2. I don't consider your scp benchmarks to really mean much of anything (sorry). scp was never meant to be fast. It was meant to be secure through SSH, and that encryption has overhead. scp is also very sensitive to latency. A small amount of latency translates to a crapload of lost throughput. Also rsync doesn't *have* to run through SSH tunnels, you could do rsync modules. That will likely be faster, but lacks the security which you may or may not care about. I know when I've copied files over scp, even when using my Xeon E1230-v2, I don't think I've ever seen 50MB/sec. So I tend to think that the scp throughput is just crappy slow. Also see the next bullet.
3. I'm not convinced we are talking apples-to-apples when you compare the Mini to the old server. The way FreeNAS handles the scp connections, the bits of encryption and type of encryption, and other factors likely make this an apples-to-oranges comparison.
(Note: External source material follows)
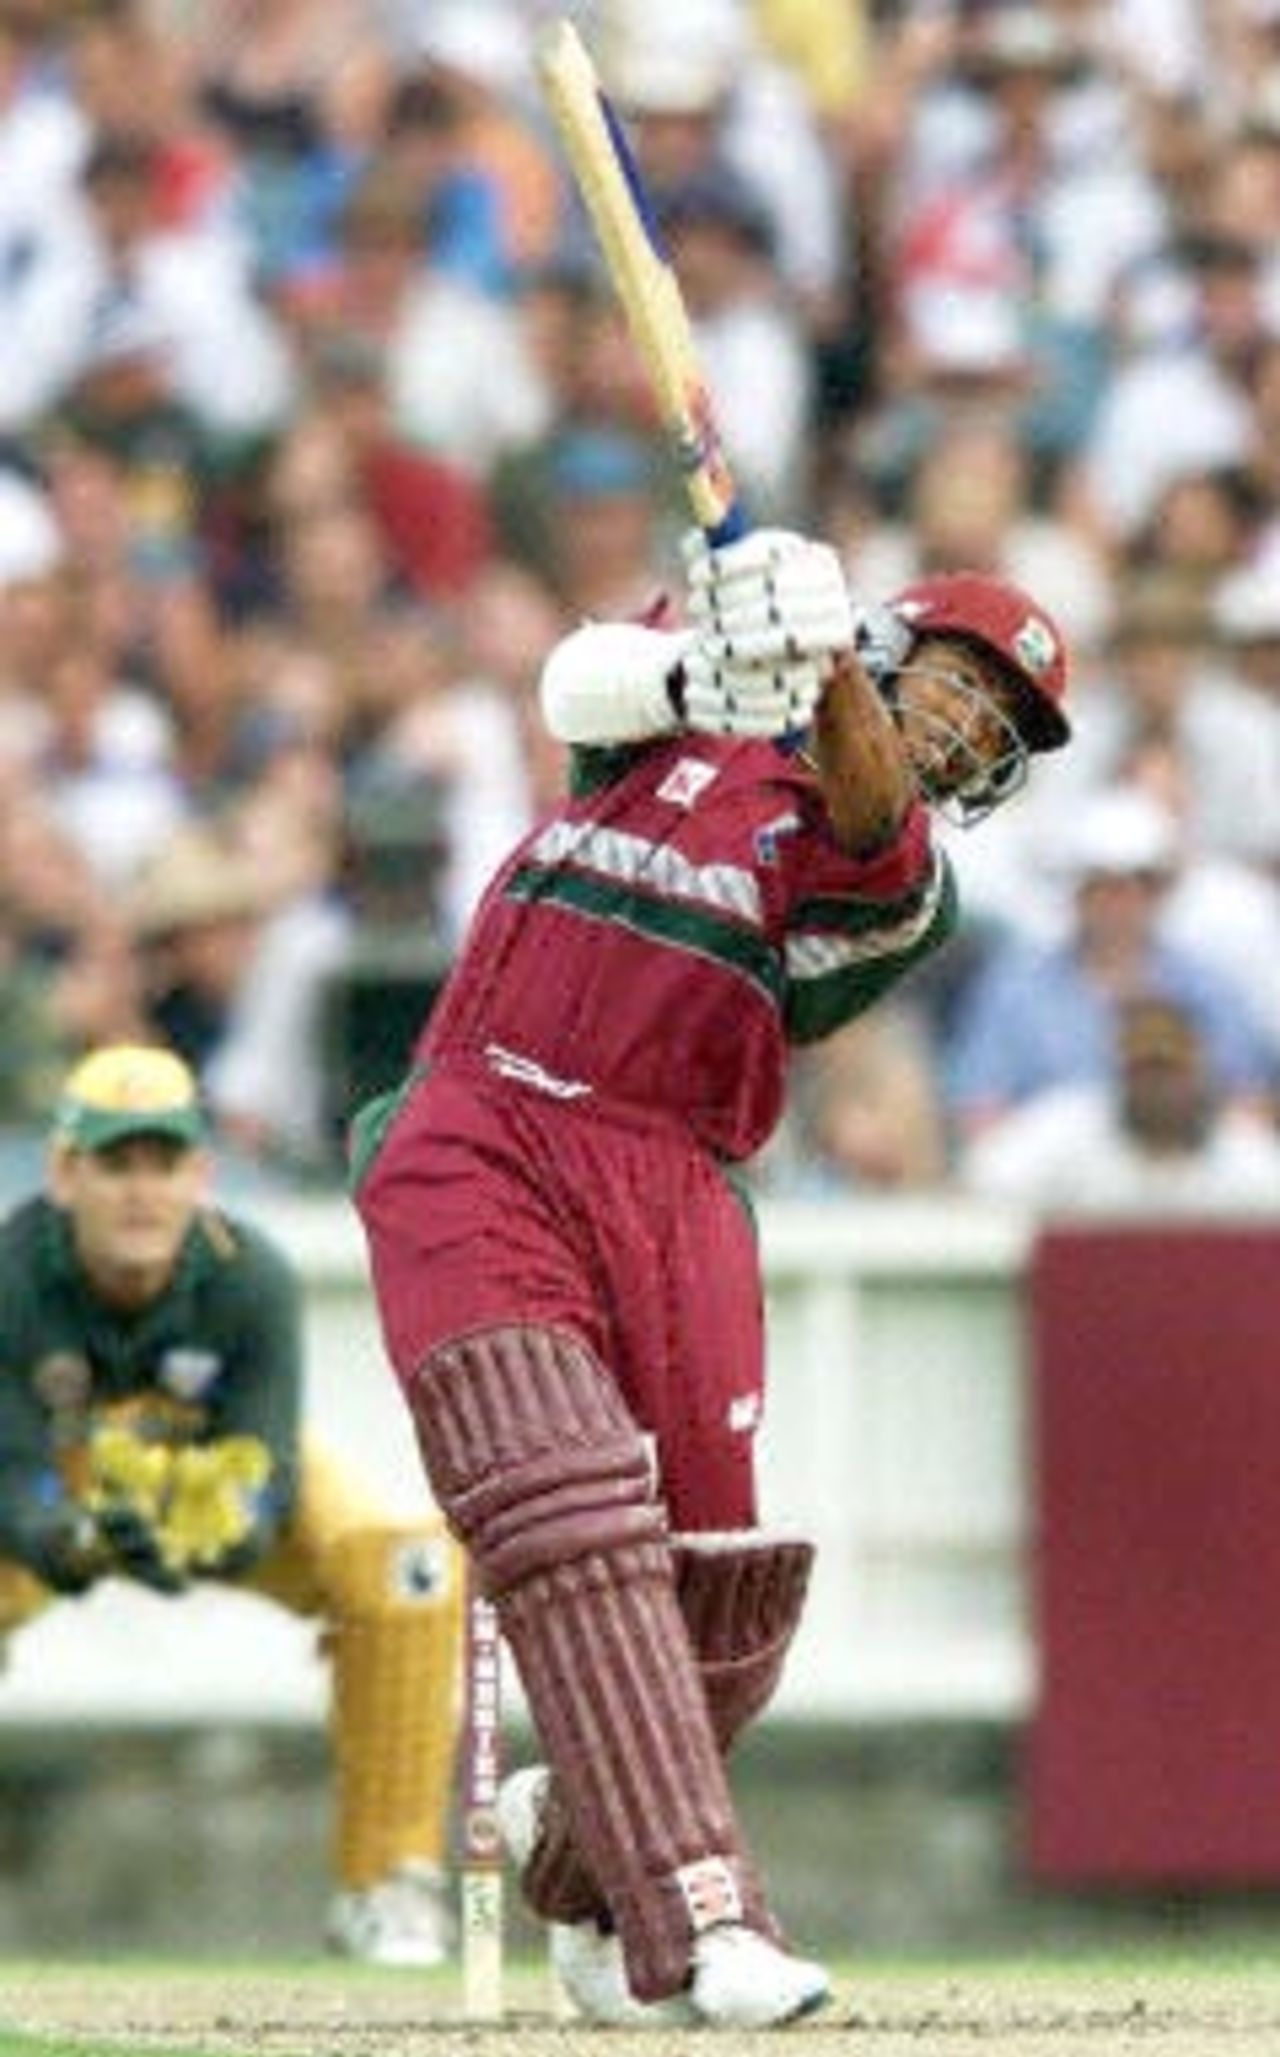 West Indies batsman Brian Lara hits out against the Australian bowling in their match at the MCG in Melbourne, 11 January 2000. Australia scored 267-6 off their 50 overs and then restricted the West Indies to 193-7 from their 50 overs to go one up in the tri-nations series which also includes Zimbabwe
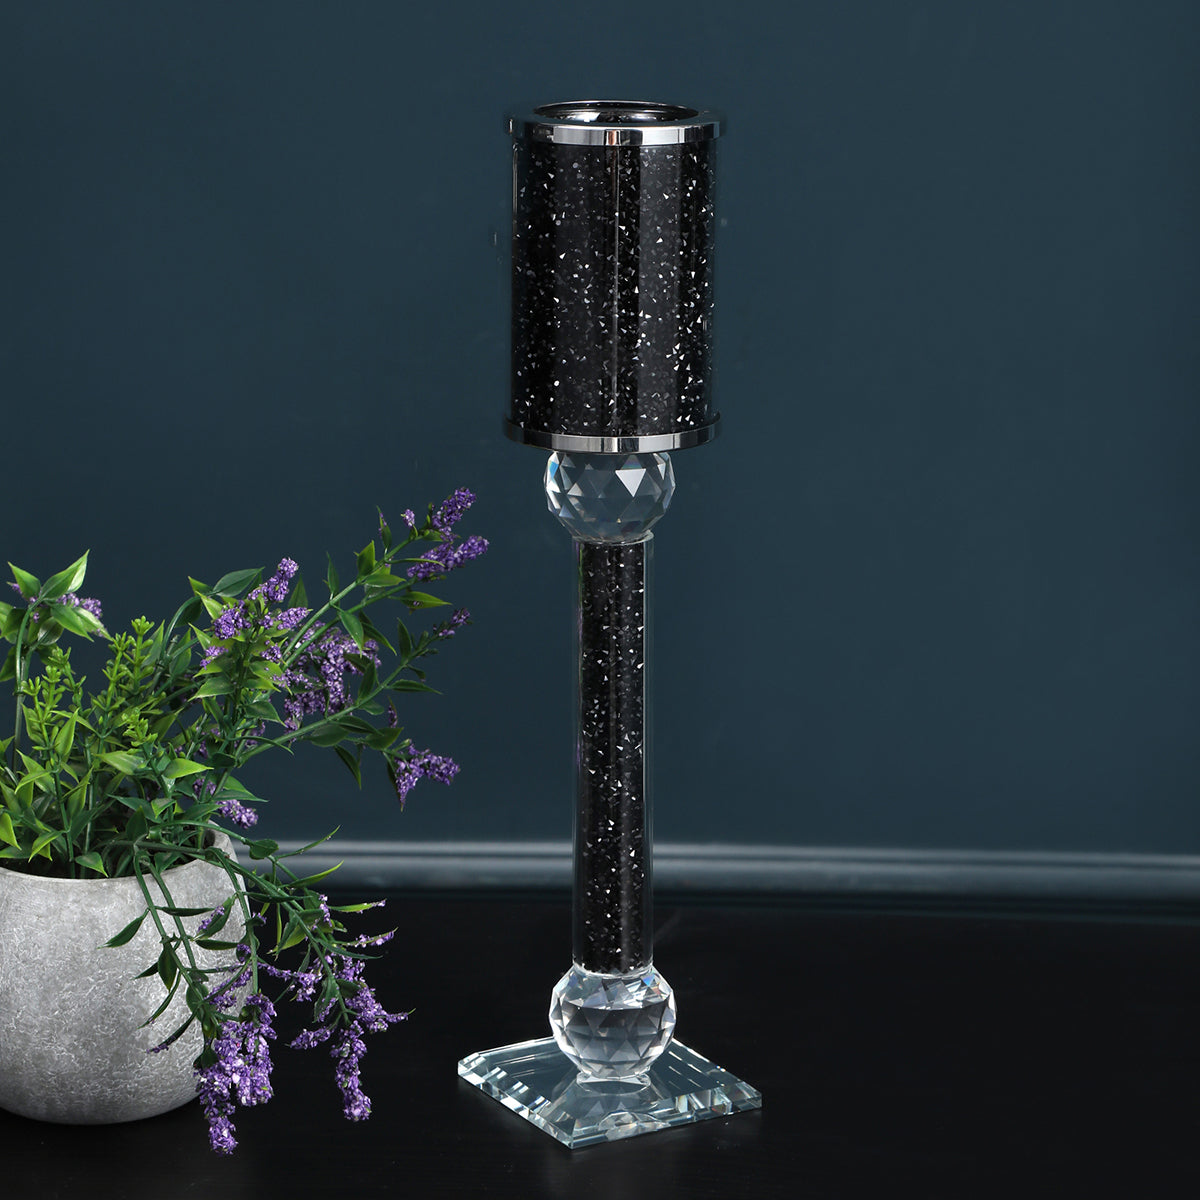 Ambrose Exquisite Large Candle Holder 2.75" L X 2.75" black-glass

Now I agree that ultimately the choices of encryption and other factors matter less to you than "I used system A for X and I want to use system B for X but it is slower" but I don't think that's a fair comparison in the bigger picture. FreeNAS' devs have already chosen the type of encryption, the number of bits for encryption, and other factors for you. They may be conservatively choosing something that is almost unhackable while your FreeBSD 9.3 system may have very low bits of encryption or uses a type of encryption that is not secure (read: not CPU intensive).
4. GELI uses the AES-NI instruction set. Unless yours is disabled in the BIOS, GELI's performance penalty should be nearly non-existent.

What you might want to do is look at top and see what your CPU usage is doing during an scp transfer (or better yet during an rsync transfer). That will give some hints about whether you are CPU limited or not.